On action and consciousness
Excerpt from Solve the brain before the end of the world, neuromorphics lab 2012 contest) – early submission (subject to revision)
The brain operators under two simple rules:
1) To control action, the brain accumulates evidence for different hypotheses, then passes the mismatch between sensory reality and the competing internal expectation.
Example: I’m looking at a hand-written digit, and (from the first several eye movements) I’m not sure whether it is a 0, 5, or 6. With each subsequent eye movement around the digit, I accumulate evidence for each of these categories (0s, 5s, 6s) by comparing the current view with my learned prototypical representation of 0’s, 5’s, and 6’s (my expectation). Where these spatial evidence maps disagree/mismatch the most is where you will act in the form of a saccade (ie an eye movement). For example, if the competition is between the 0 and the 6, you will make the action (the eye movement) to the upper right where the 0 and 6 mismatch the most. If the competition is between the 5 and the 6, the action would again be to move the eye to the area of greatest mismatch between the 5 and the 6 (the lower left).
2) To control thought/recognition/consciousness, the brain accumulates evidence and passes the match between sensory reality and competing internal expectation.
Example: Standard adaptive resonance theory: when the bottom-up sensory stimuli match the top-down internally generated expectation, the “match” causes a resonance that amplifies neural activity and is perceived as conscious experience.
A critical different between the first class of things the brain does (action by passing the mismatch) and the second (thought/recognition/consciousness by passing the match) is that the first is dichotomous, while the second a continuum. Action is condensing a “continuous” system to produce binary outcomes. While consciousness and the like, is doing quite the opposite. With consciousness as a continuum, the relevant question to ask of a being/machine who performs identical actions to humans is not whether it is conscious or not, but rather how conscious.
To achieve “human grade” consciousness, I think any system that can take discrete building units (electrons, quarks, etc) and turn them into a continuous/dynamic system in the time interval between each successive discontinuity (ie, between every action), is in some respects conscious. Here by “action” I mean an interaction of a system with anything that is not a part of that system, ex, interaction with external environment, with other agents, etc. Sticking with the example of moving an eye, every fixational eye movement, microsaccade, etc – when the eyes are open, of course – is an interaction with the environment and therefore an action.

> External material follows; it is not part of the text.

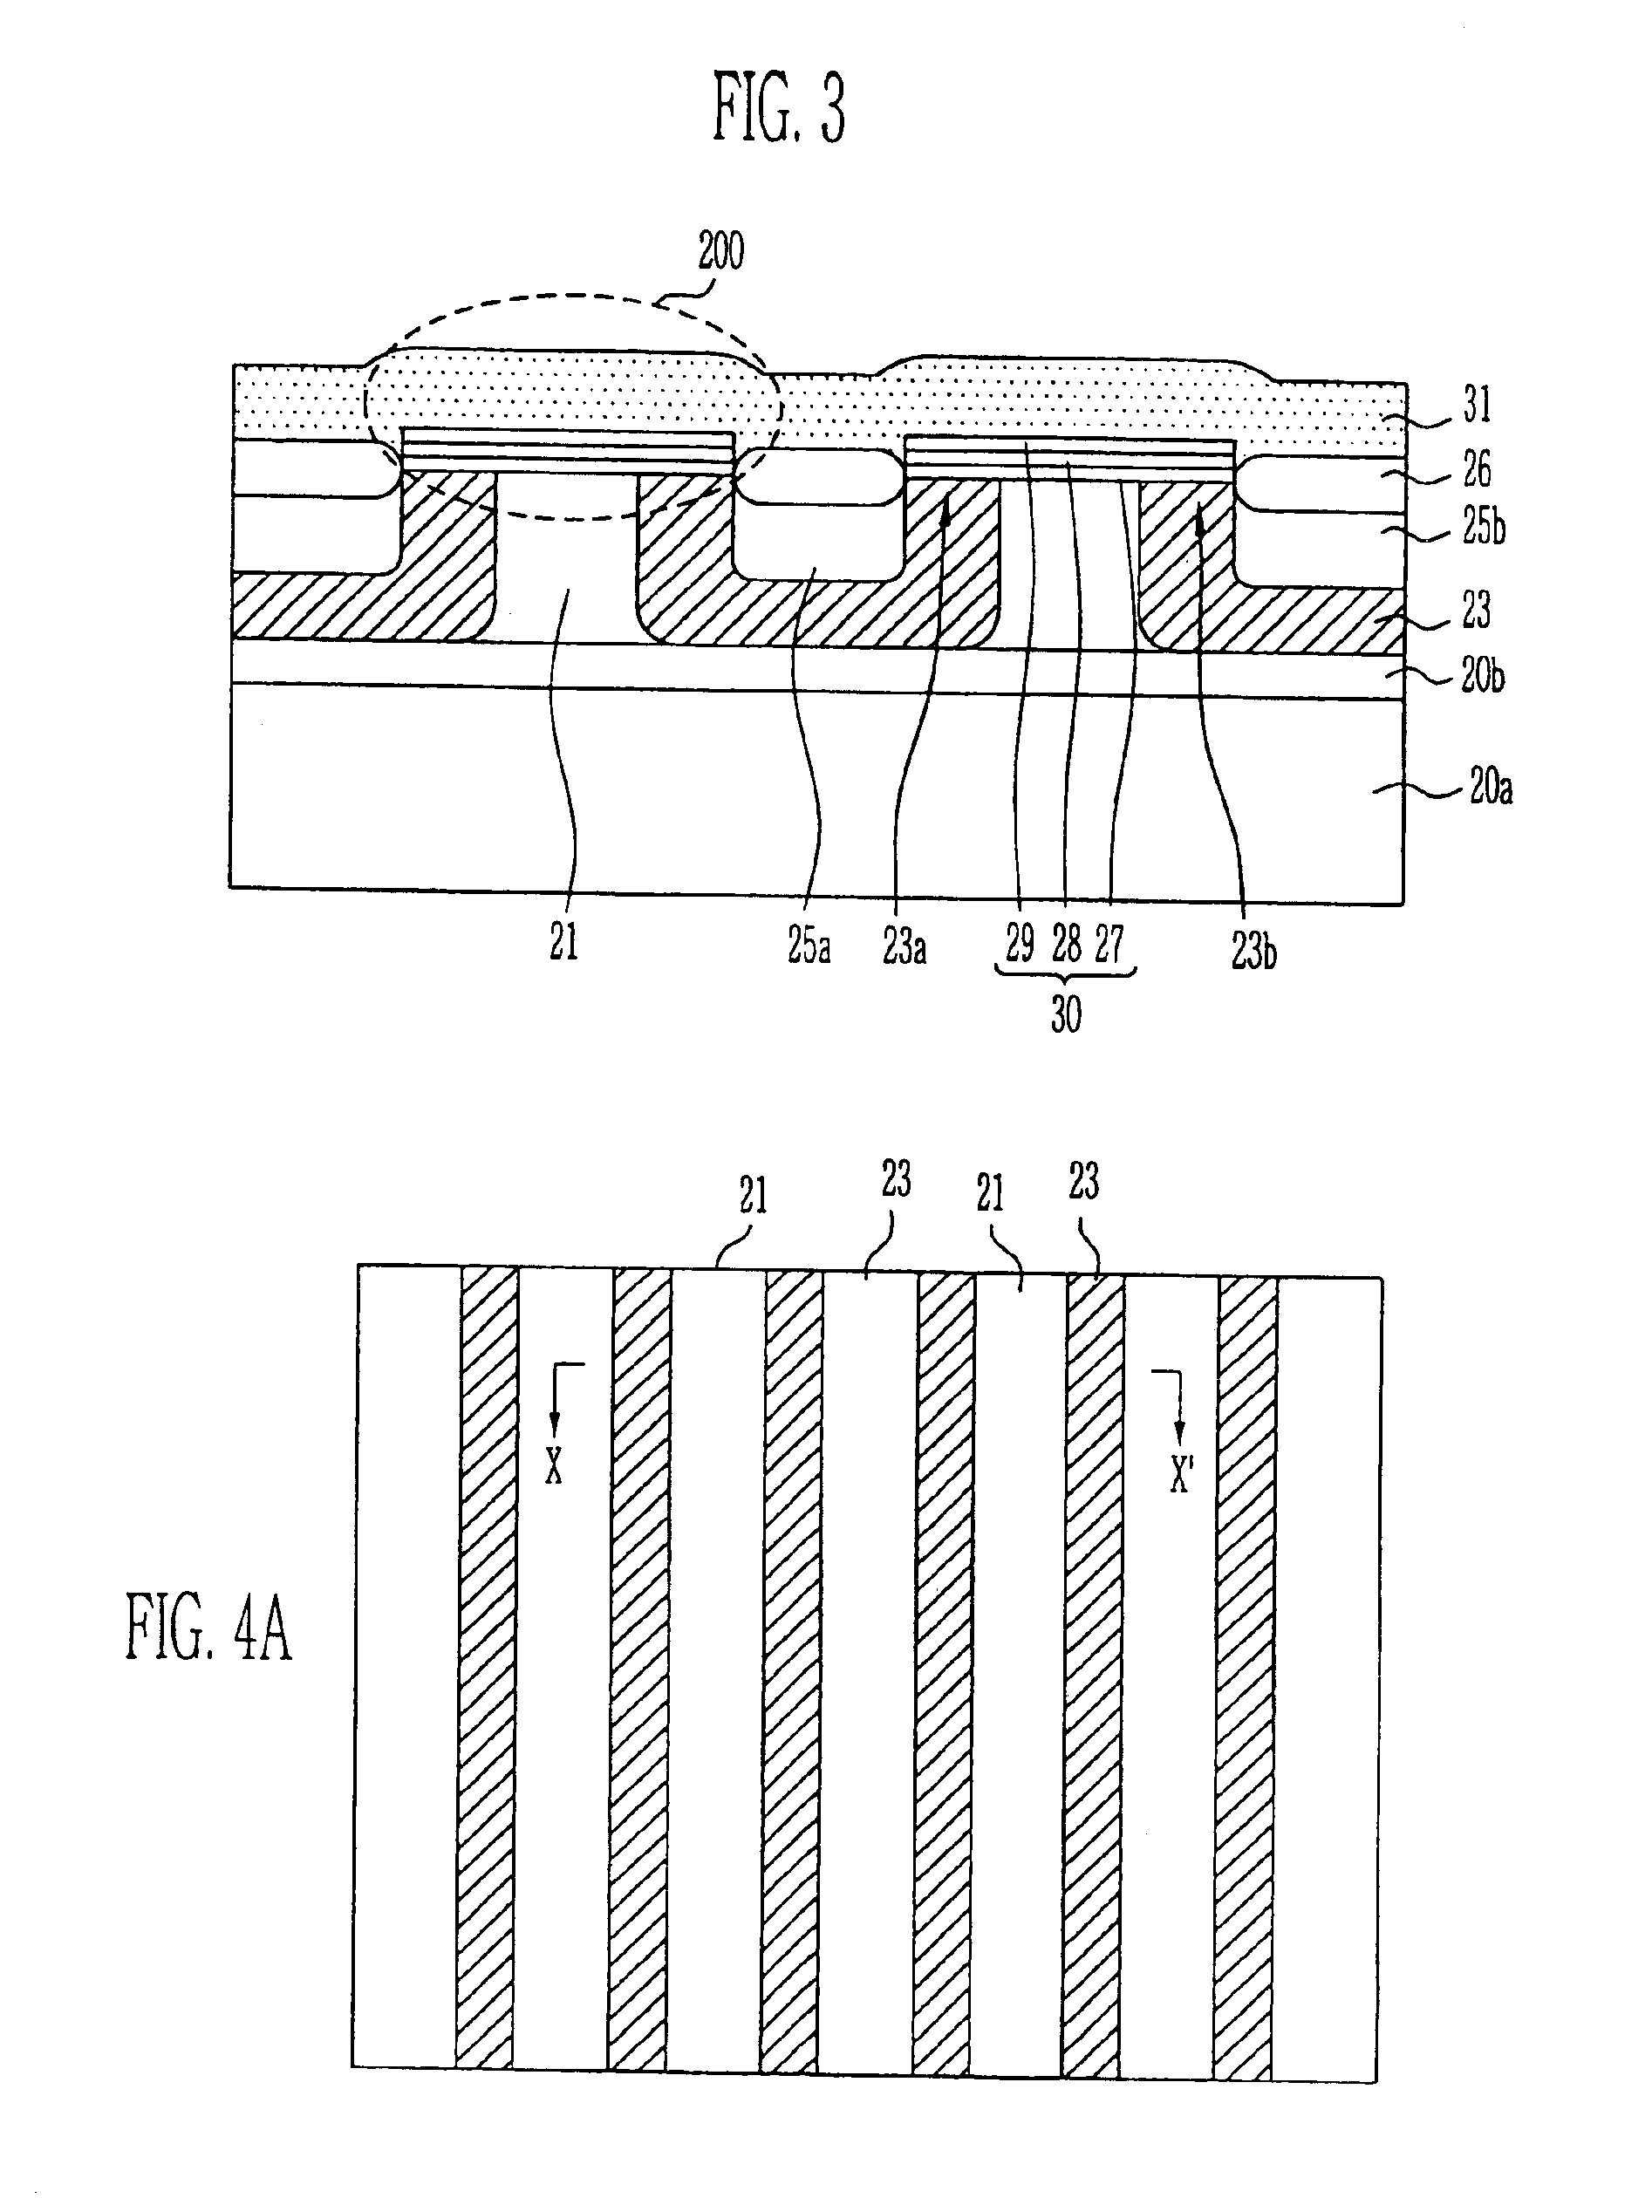 Flash memory cell and method of manufacturing the same, and programming/erasing/reading method in the flash memory cell
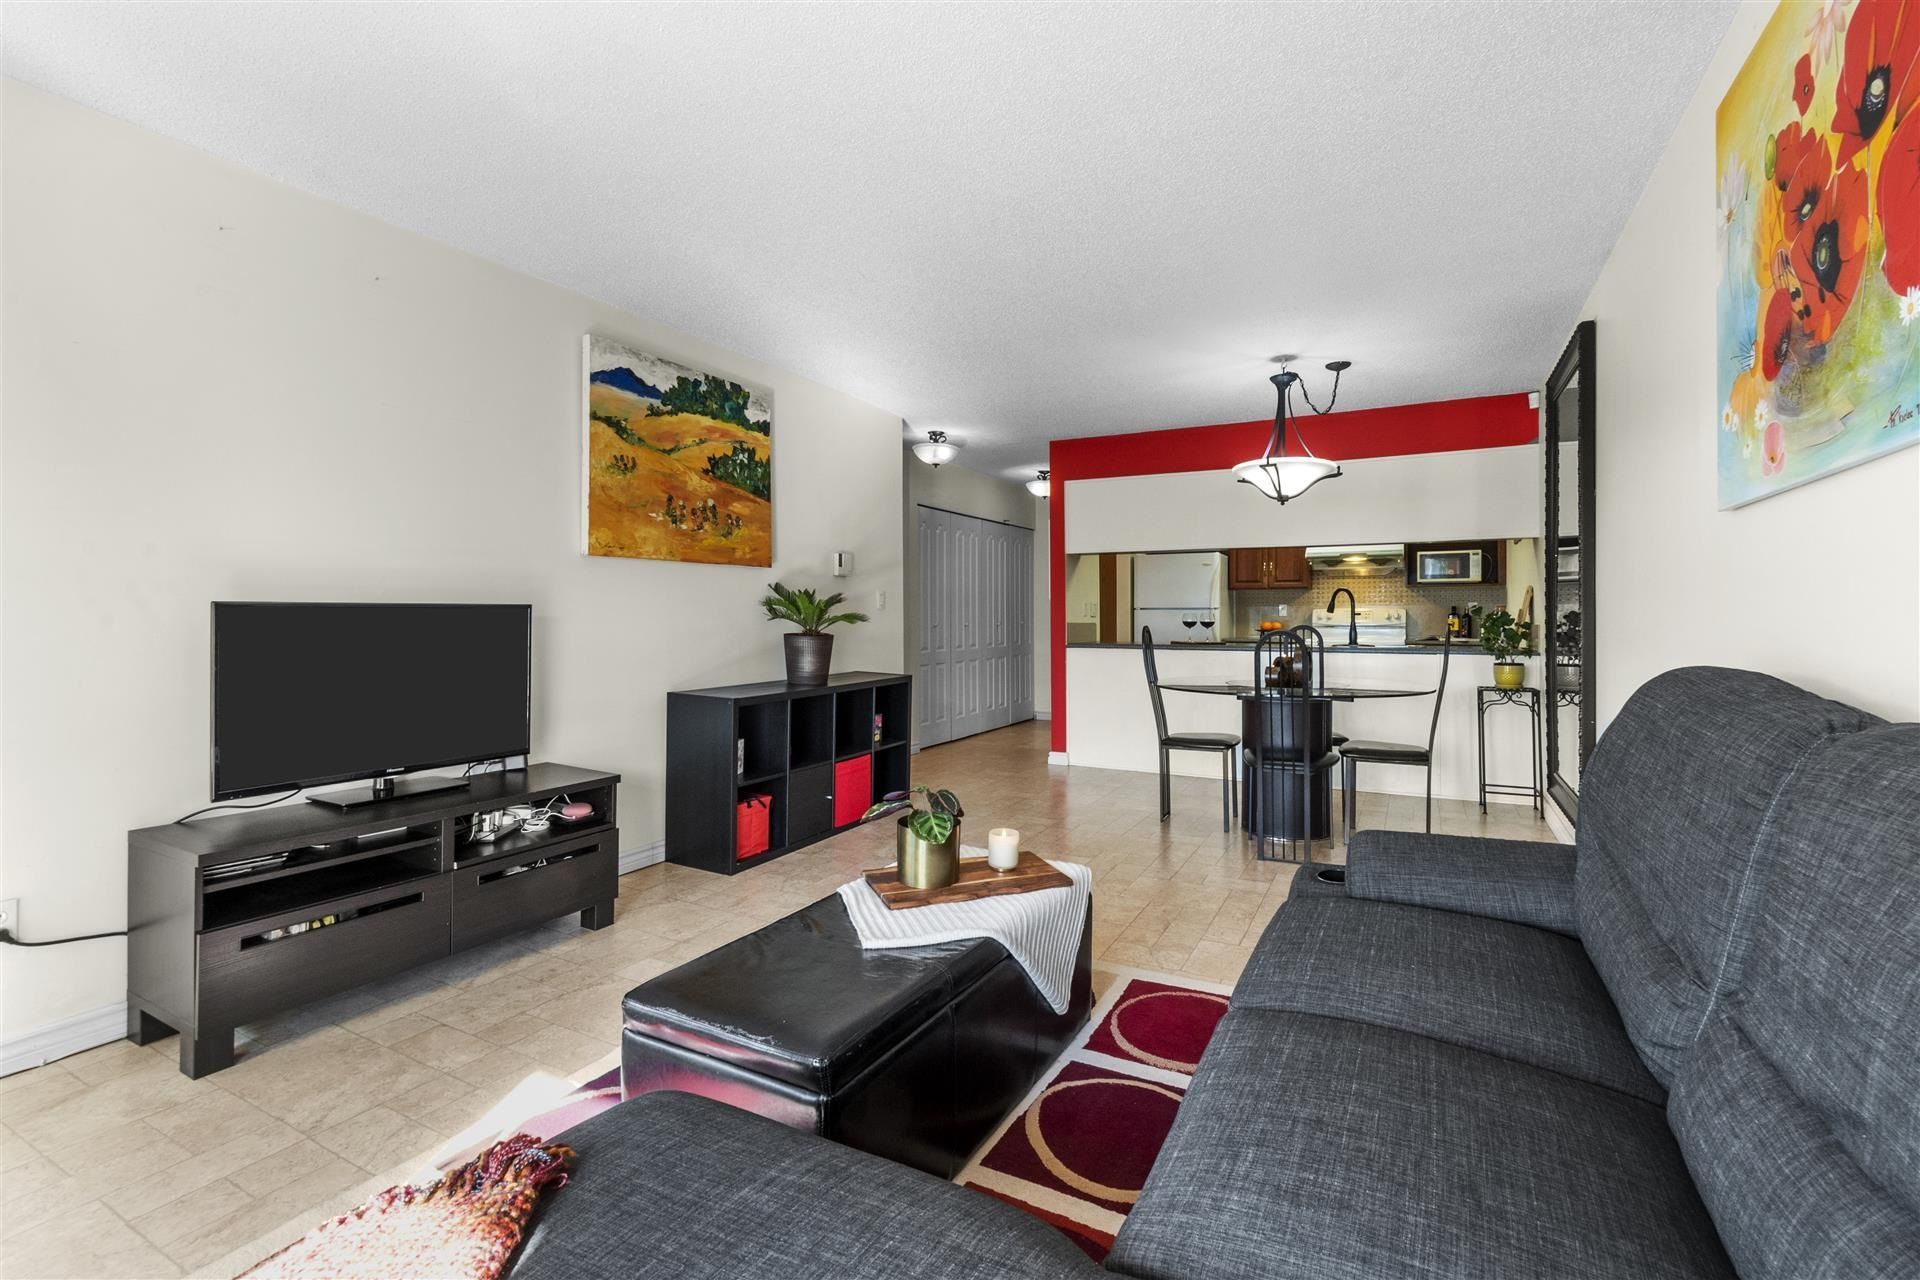 Main Photo: 305 1977 STEPHENS Street in Vancouver: Kitsilano Condo for sale (Vancouver West)  : MLS®# R2660146

In the end, the brain is a chemical system (ie discrete parts) and the experience of consciousness is its ability to simulate a continuum that bridge discontinuities/actions. The more a system is able to exhibit these smooth transient dynamics in the transitions between actions (which, essentially means at the scale of a millisecond in human-grade consciousness), I would say the more conscious it is. The ability of a discrete system to approximate a true field with a high degree of temporal precision is the degree of consciousness it embodies.
If consciousness – in this loose definition – is an approximation of a field with discrete parts, some very fundamental problems in physics will need to be addressed before we can create anything at the same level of consciousness as a human. For one, nobody to date knows how to approximate the types of fields in the Standard Model of quantum dynamics with discrete parts to anywhere near the precision that is required between sequential actions that occur a millisecond apart. A very basic problem with approximating fields with discrete parts is that when you try to put an electron or quark (a discrete part) on a lattice (a step closer to a continuous field) and rotate the electron or quark 360 degrees, it is no longer the same particle. This resistance of fundamental particles to be placed on a lattice hampers our ability to artificially approximate fields with discrete parts. Machines, in this interpretation, are therefore far from being conscious despite their ability to perform human-like actions.